---- Source data

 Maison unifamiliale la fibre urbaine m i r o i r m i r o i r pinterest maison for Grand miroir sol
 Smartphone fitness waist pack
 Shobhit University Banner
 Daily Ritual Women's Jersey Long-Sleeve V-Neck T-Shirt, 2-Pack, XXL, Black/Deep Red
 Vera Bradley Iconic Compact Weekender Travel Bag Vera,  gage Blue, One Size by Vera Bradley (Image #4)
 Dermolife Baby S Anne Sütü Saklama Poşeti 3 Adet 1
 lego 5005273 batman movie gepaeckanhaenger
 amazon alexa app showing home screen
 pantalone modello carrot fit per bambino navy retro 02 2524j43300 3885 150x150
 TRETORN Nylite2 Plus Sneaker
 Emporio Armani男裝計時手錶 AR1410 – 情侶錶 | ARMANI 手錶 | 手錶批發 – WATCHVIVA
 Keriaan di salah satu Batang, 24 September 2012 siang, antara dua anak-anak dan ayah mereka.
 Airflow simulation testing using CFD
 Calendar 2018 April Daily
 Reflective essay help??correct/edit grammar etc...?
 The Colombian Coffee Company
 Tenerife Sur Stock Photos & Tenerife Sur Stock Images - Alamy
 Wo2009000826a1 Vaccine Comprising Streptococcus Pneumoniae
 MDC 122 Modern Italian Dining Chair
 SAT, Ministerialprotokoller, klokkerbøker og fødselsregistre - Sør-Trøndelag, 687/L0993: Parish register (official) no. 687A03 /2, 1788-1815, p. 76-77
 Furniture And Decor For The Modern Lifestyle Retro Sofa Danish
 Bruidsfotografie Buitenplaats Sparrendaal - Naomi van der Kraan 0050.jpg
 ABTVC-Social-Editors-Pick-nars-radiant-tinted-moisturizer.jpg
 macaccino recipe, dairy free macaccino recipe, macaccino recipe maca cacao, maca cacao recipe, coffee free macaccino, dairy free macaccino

--------

What to do: Restate, word for word, the final stretch of the entries above: the line containing "Keriaan di salah" and every line after it, up to and including the last.

Result of this exercise:
 Keriaan di salah satu Batang, 24 September 2012 siang, antara dua anak-anak dan ayah mereka.
 Airflow simulation testing using CFD
 Calendar 2018 April Daily
 Reflective essay help??correct/edit grammar etc...?
 The Colombian Coffee Company
 Tenerife Sur Stock Photos & Tenerife Sur Stock Images - Alamy
 Wo2009000826a1 Vaccine Comprising Streptococcus Pneumoniae
 MDC 122 Modern Italian Dining Chair
 SAT, Ministerialprotokoller, klokkerbøker og fødselsregistre - Sør-Trøndelag, 687/L0993: Parish register (official) no. 687A03 /2, 1788-1815, p. 76-77
 Furniture And Decor For The Modern Lifestyle Retro Sofa Danish
 Bruidsfotografie Buitenplaats Sparrendaal - Naomi van der Kraan 0050.jpg
 ABTVC-Social-Editors-Pick-nars-radiant-tinted-moisturizer.jpg
 macaccino recipe, dairy free macaccino recipe, macaccino recipe maca cacao, maca cacao recipe, coffee free macaccino, dairy free macaccino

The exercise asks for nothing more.